June 20, 2018

Town’s medical marijuana debate a mixed bag

By Luke Baynes

Observer staff

On election night, as a majority of voters in Colorado and Washington were approving the legalization of recreational marijuana, the Williston Planning Commission was faced with its own marijuana vote.

The local cannabis question, which was remanded by town officials to the Planning Commission for comment, concerns whether Williston should unconditionally allow, allow with local oversight or prohibit a potential medical marijuana dispensary in town.

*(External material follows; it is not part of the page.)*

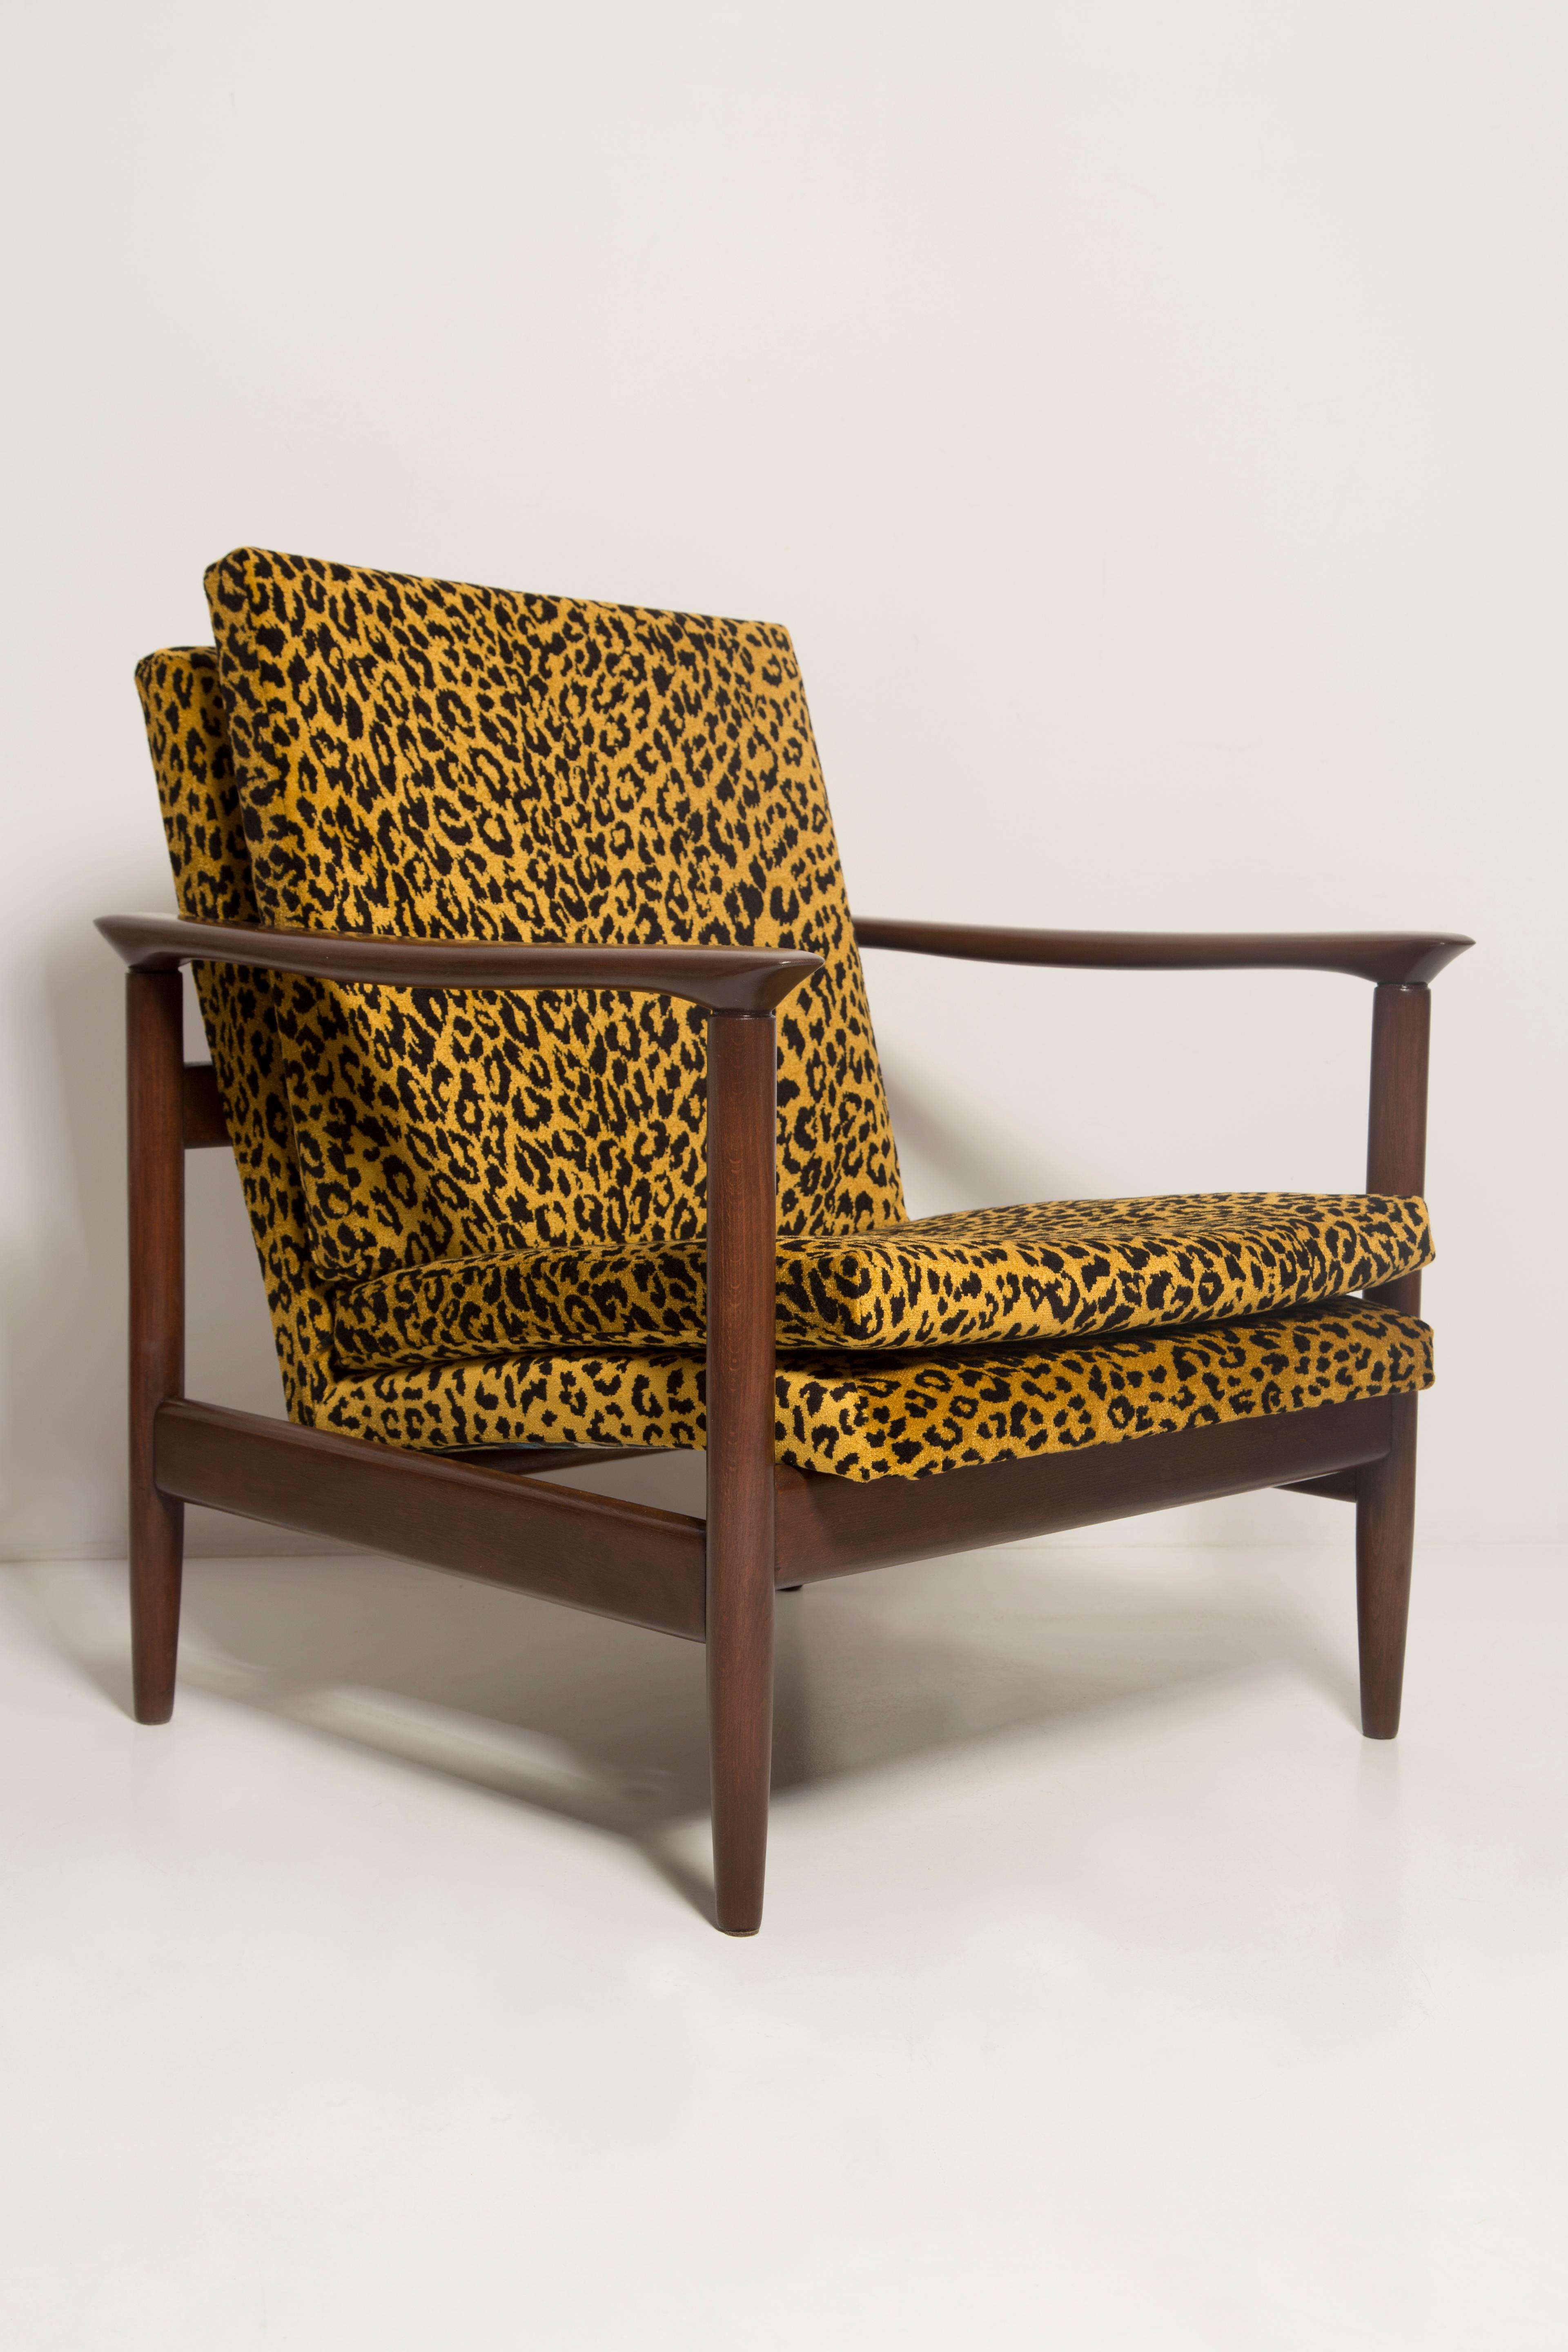 Fabric Pair of Midcentury Leopard Armchairs, GFM 142, Edmund Homa, Europe, 1960s For Sale

Under current state law, municipalities are granted the authority to prohibit or oversee the local approval process of medical marijuana dispensaries. State law also specifies that a maximum of four dispensaries may operate within the state at any one time, and that such facilities cannot be located within 1,000 feet of a school or daycare facility.

The Vermont Department of Public Safety has conditionally approved dispensaries in Burlington and Waterbury.

The Planning Commission previously discussed medical marijuana dispensaries at its Aug. 7 and Sept. 18 meetings, although the latter meeting lacked a quorum.

On Nov. 6, Chairman Jake Mathon formally took a stand on the matter.

“I’m just having a little trouble with the fact that we’re talking about permitting and allowing marijuana use when the Selectboard themselves won’t even allow cabaret licenses for bars,” Mathon said. “I think it’s a bad idea, that’s my position, and I don’t think we should have them, and I think it also flies in the face of ridiculousness that the Selectboard is asking us to weigh in on even allowing these when they don’t even allow a legal product to be sold.”

Commission member Michael Alvanos agreed with Mathon.

“I’m going to go on record, too, and say that I don’t think that we should allow them and I think they should be prohibited here in town,” Alvanos said. “I think marijuana is still considered a very dangerous drug by the federal government. It’s still classified by the DEA (Drug Enforcement Administration) as being up there with cocaine.”

Meghan Cope argued that dispensaries shouldn’t be outright prohibited and should instead be subject to discretionary permit approval through the Williston Development Review Board.

“I think my position is that we should recommend that the Selectboard consider one of those middle ground statements, where we allow (dispensaries) but there would have to be a permitting process,” Cope said. “To me, that’s the most appealing, because it allows it to be a public hearing and for people to weigh in.”

Kevin Batson sided with Cope.

“The real problem is OxyContin and opiates,” Batson said. “There’s an upside (to medical marijuana) for people who, say, have cancer and can’t eat and marijuana helps them with their digestion. The upside is a lot more up than the downside is down, so I’m with Meghan.”

Sensing a stalemate, Williston Director of Planning and Zoning Ken Belliveau made a peace pipe offering by proposing that he draft a letter to the Selectboard reflecting the split decision.

The Planning Commission agreed with Belliveau’s suggestion, with Cope adding that the letter should stress that none of the commission members advocated letting the state have unabated jurisdiction.

“We do have one consensus point, which is that none of us think we should do nothing,” Cope said.